Area Determination of Diabetic Foot Ulcer Images Using a Cascaded Two-Stage SVM-Based Classification

• Published in: IEEE transactions on biomedical engineering Vol. 64; no. 9; pp. 2098 - 2109
• Main Authors: Wang, Lei, Pedersen, Peder C., Agu, Emmanuel, Strong, Diane M., Tulu, Bengisu
• Format: Journal Article
• Language: English
• Published: United States IEEE 01.09.2017; The Institute of Electrical and Electronics Engineers, Inc. (IEEE)

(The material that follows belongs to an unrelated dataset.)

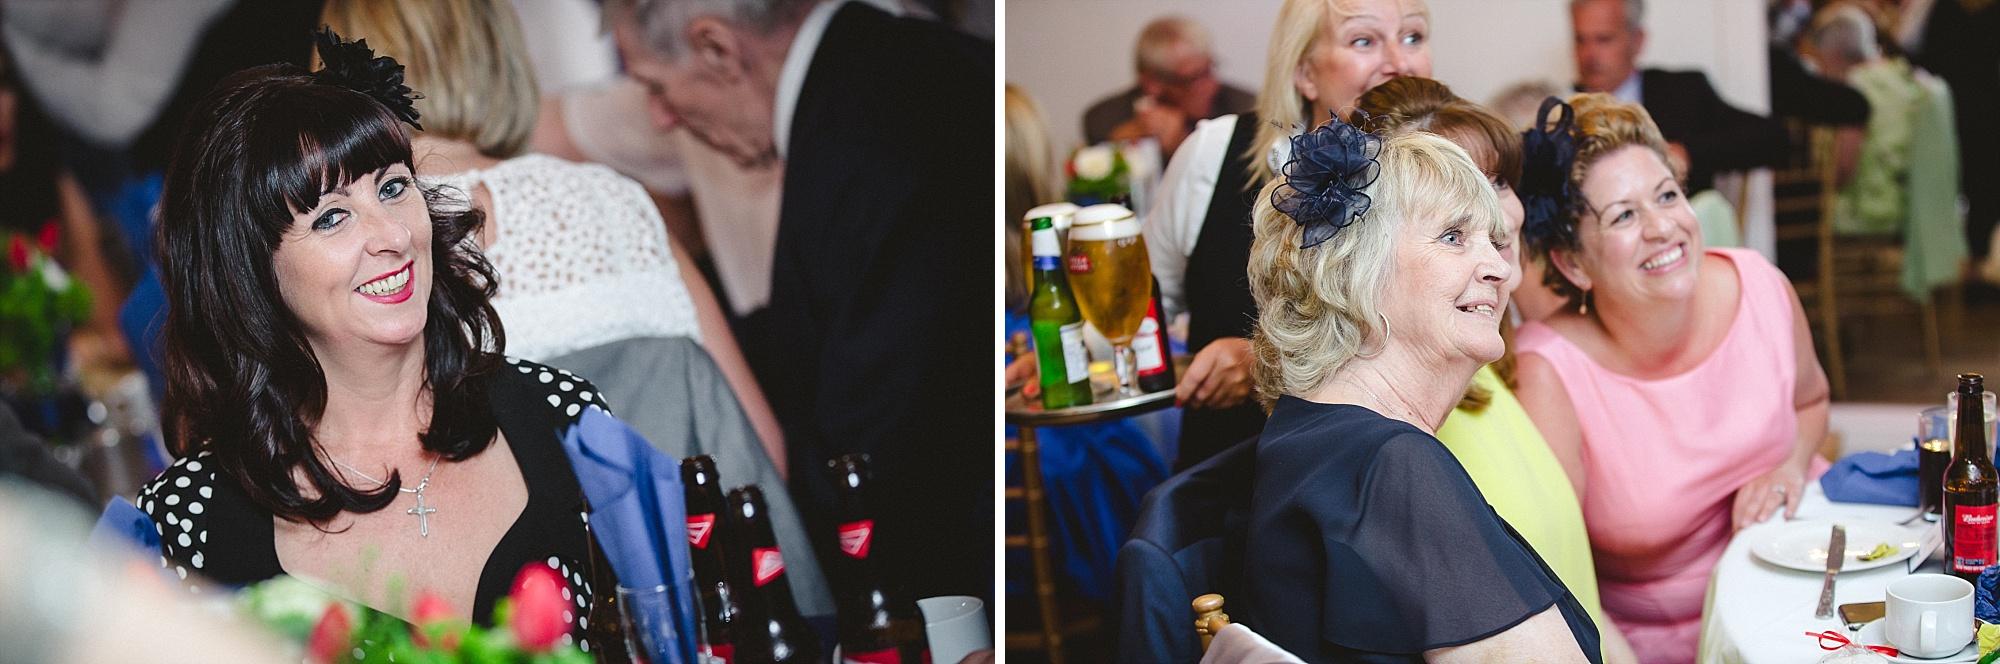 Langtons-Essex-Mod-Themed-Wedding_0056.jpg

• Subjects: Algorithms; Cascaded classifier; Classification; Classifiers; Color; Colorimetry - methods; Diabetes mellitus; Diabetic Foot - diagnostic imaging; Diabetic Foot - pathology; diabetic ulcer; Feature extraction; Feet; Foot; Foot diseases; Humans; Image analysis; Image capture; Image classification; Image Interpretation, Computer-Assisted - methods; Image processing; Image segmentation; Leg ulcers; Mobile Applications; Pattern Recognition, Automated - methods; Photography - methods; Reproducibility of Results; Sensitivity and Specificity; Severity of Illness Index; Smartphone; Smartphones; Support Vector Machine; Support vector machines; support vector machines (SVM); Training; Wavelet analysis; Wound healing; wound image assessment; Wounds
• ISSN: 0018-9294; 1558-2531; 1558-2531
• DOI: 10.1109/TBME.2016.2632522

The standard chronic wound assessment method based on visual examination is potentially inaccurate and also represents a significant clinical workload. Hence, computer-based systems providing quantitative wound assessment may be valuable for accurately monitoring wound healing status, with the wound area the best suited for automated analysis. Here, we present a novel approach, using support vector machines (SVM) to determine the wound boundaries on foot ulcer images captured with an image capture box, which provides controlled lighting and range. After superpixel segmentation, a cascaded two-stage classifier operates as follows: in the first stage, a set of k binary SVM classifiers are trained and applied to different subsets of the entire training images dataset, and incorrectly classified instances are collected. In the second stage, another binary SVM classifier is trained on the incorrectly classified set. We extracted various color and texture descriptors from superpixels that are used as input for each stage in the classifier training. Specifically, color and bag-of-word representations of local dense scale invariant feature transformation features are descriptors for ruling out irrelevant regions, and color and wavelet-based features are descriptors for distinguishing healthy tissue from wound regions. Finally, the detected wound boundary is refined by applying the conditional random field method. We have implemented the wound classification on a Nexus 5 smartphone platform, except for training which was done offline. Results are compared with other classifiers and show that our approach provides high global performance rates (average sensitivity = 73.3%, specificity = 94.6%) and is sufficiently efficient for a smartphone-based image analysis.